Records provided Start Marker
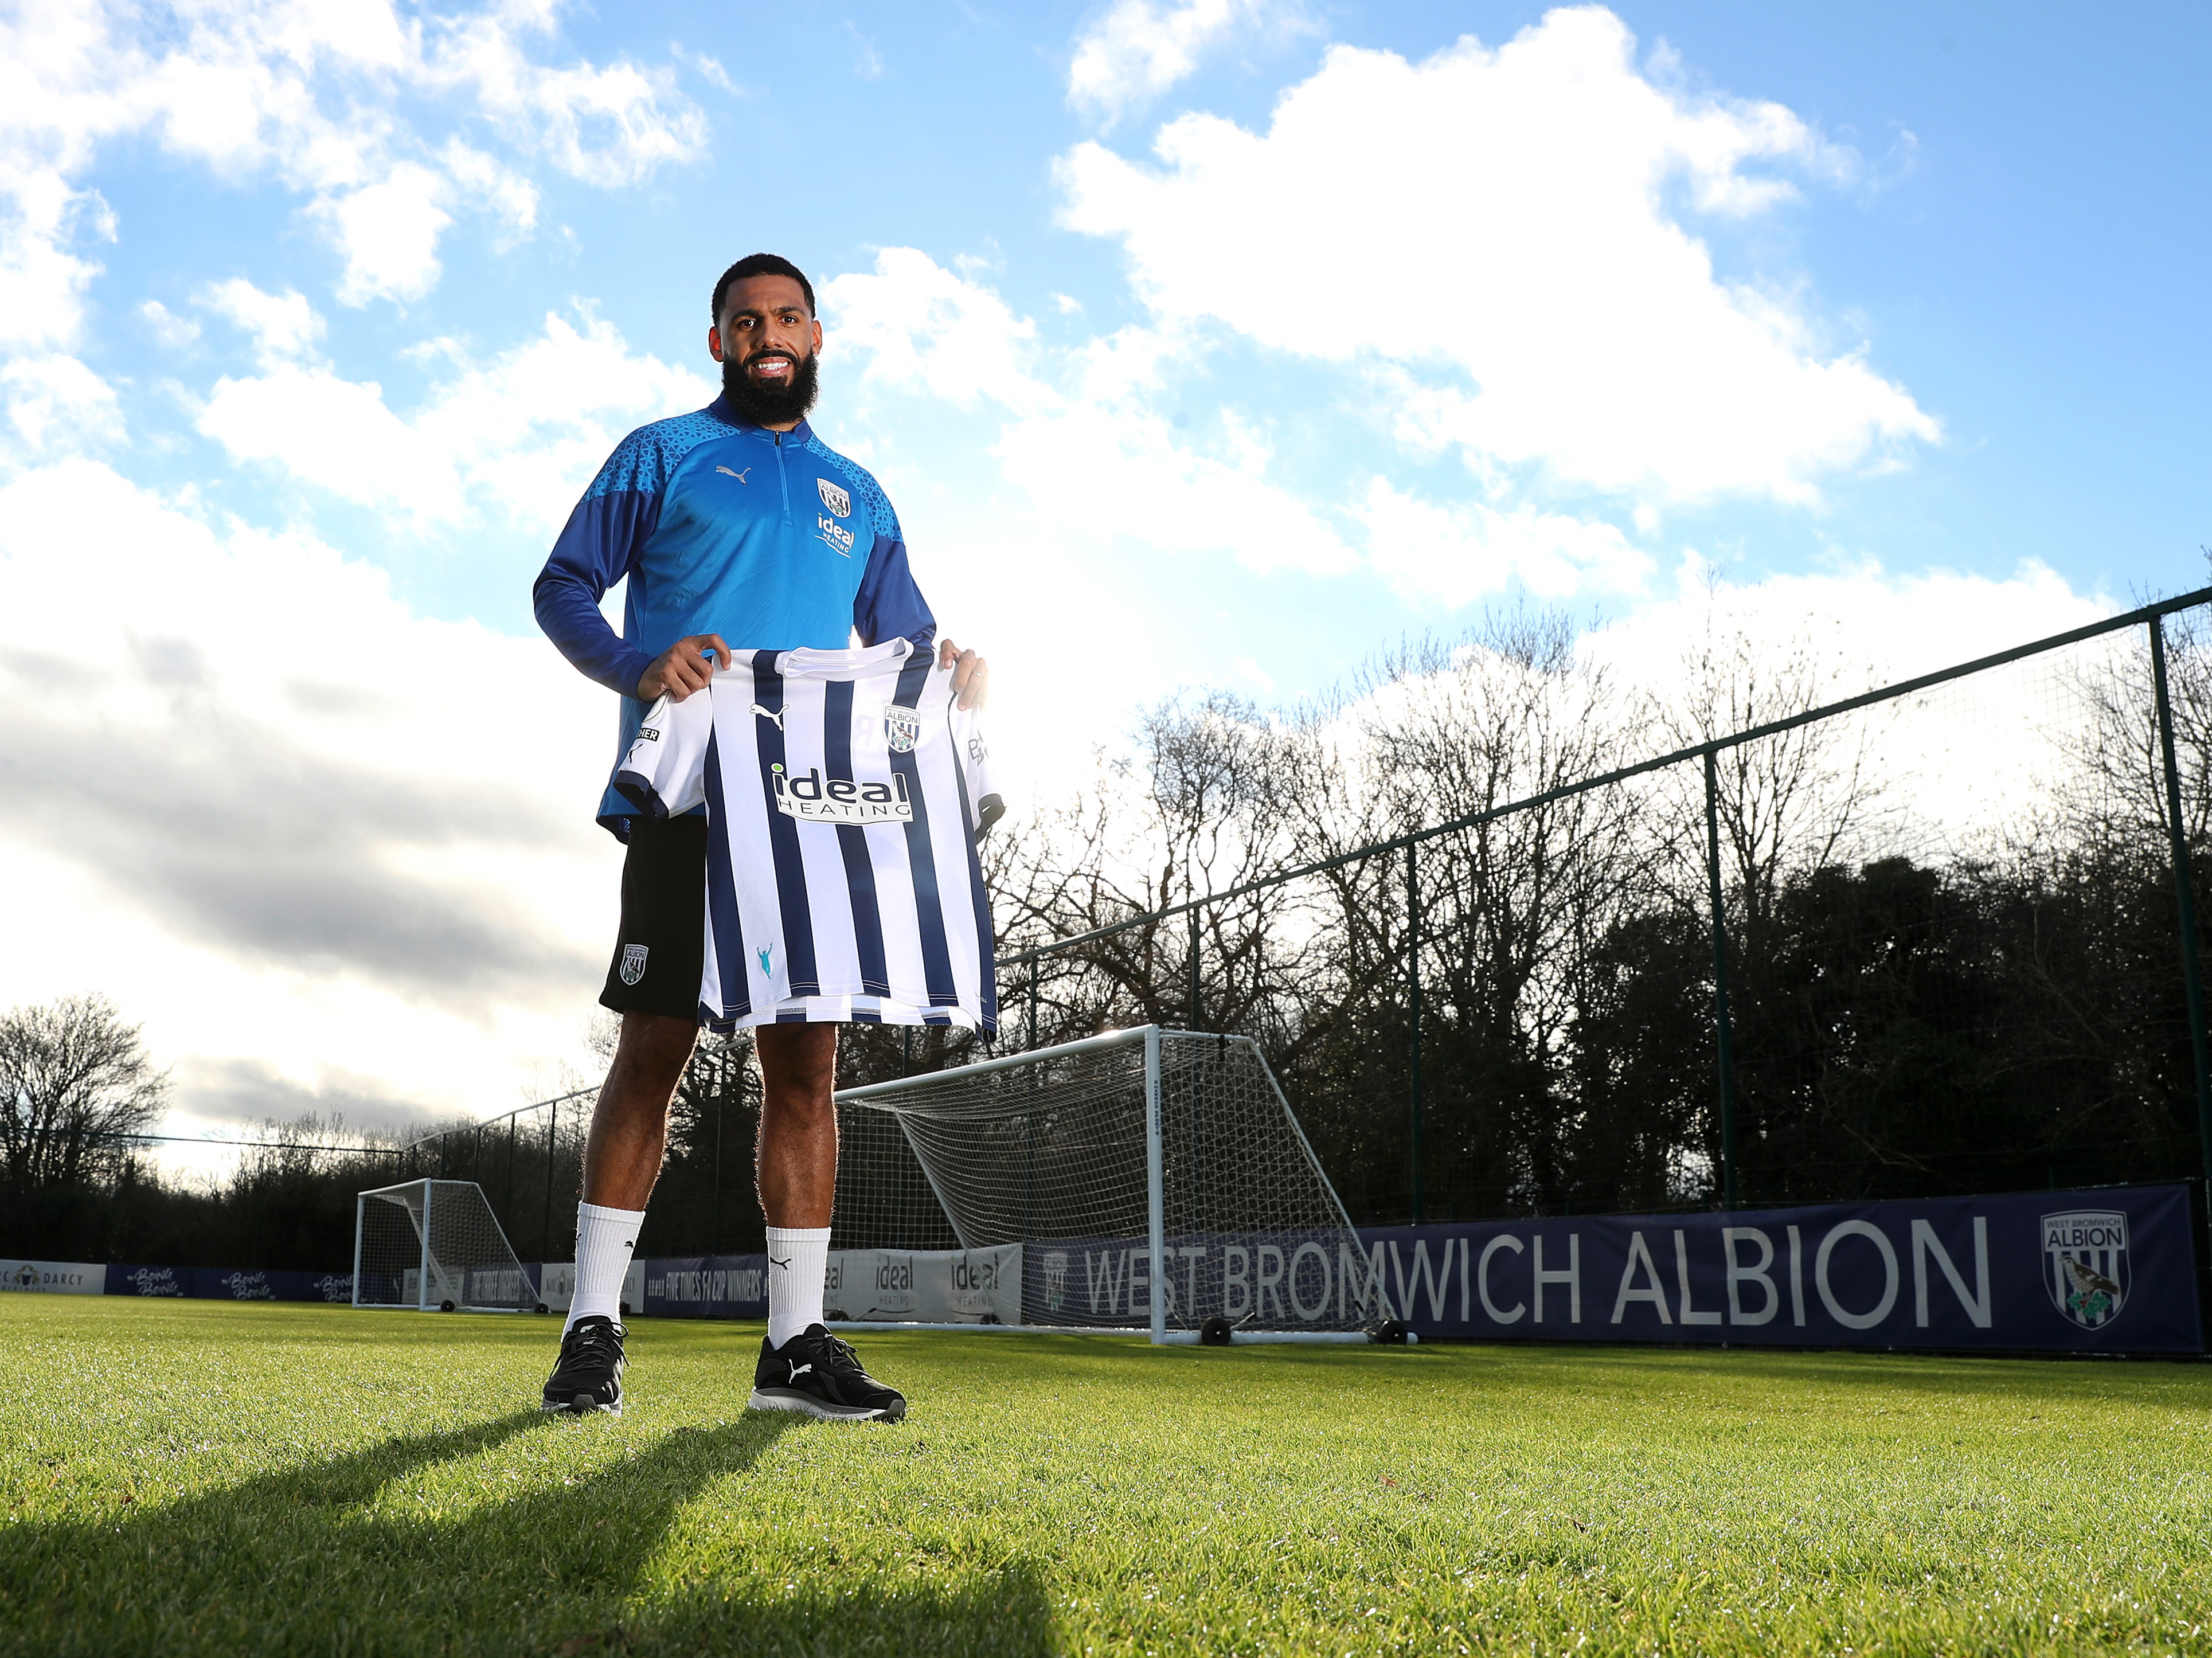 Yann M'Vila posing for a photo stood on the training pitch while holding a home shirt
Records provided End Marker
Records provided Start Marker
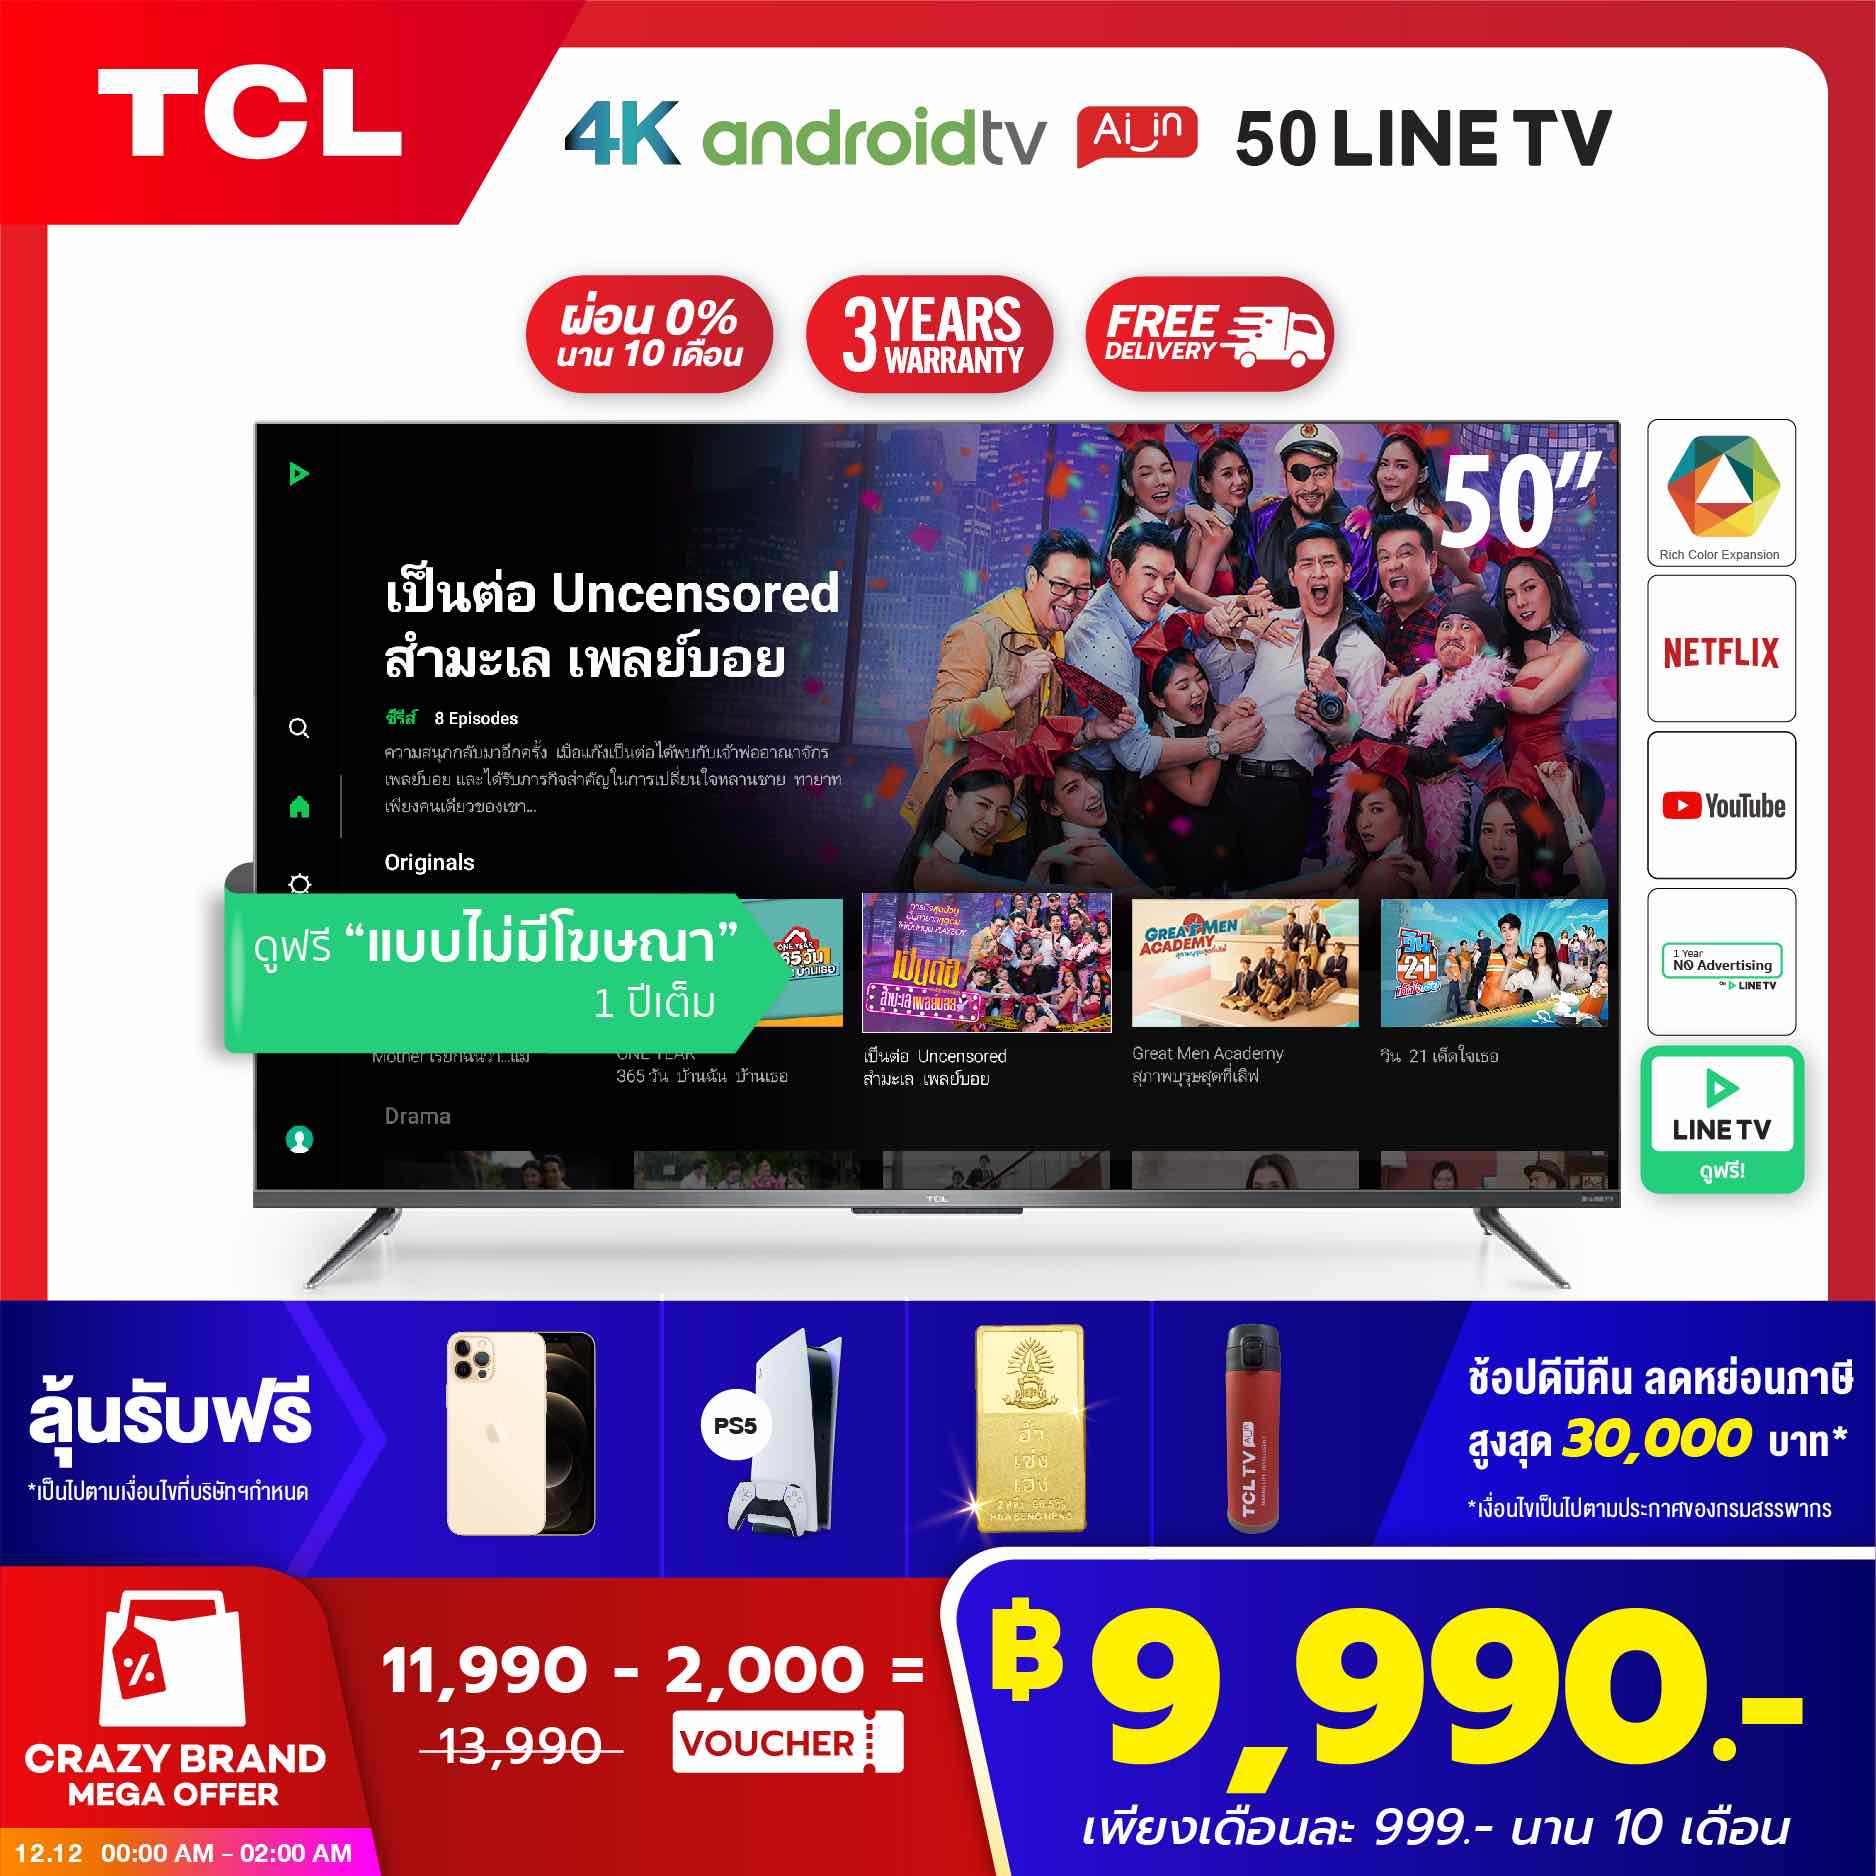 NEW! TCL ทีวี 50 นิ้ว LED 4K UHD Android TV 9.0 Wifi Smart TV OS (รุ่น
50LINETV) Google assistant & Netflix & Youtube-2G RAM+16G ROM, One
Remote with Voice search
Records provided End Marker
Task goal – Reproduce verbatim only the segment of the listing bounded by the line containing "50LINETV) Google assistant" and the line containing "Remote with Voice search", with both boundary lines included.

Exercise answer –
50LINETV) Google assistant & Netflix & Youtube-2G RAM+16G ROM, One
Remote with Voice search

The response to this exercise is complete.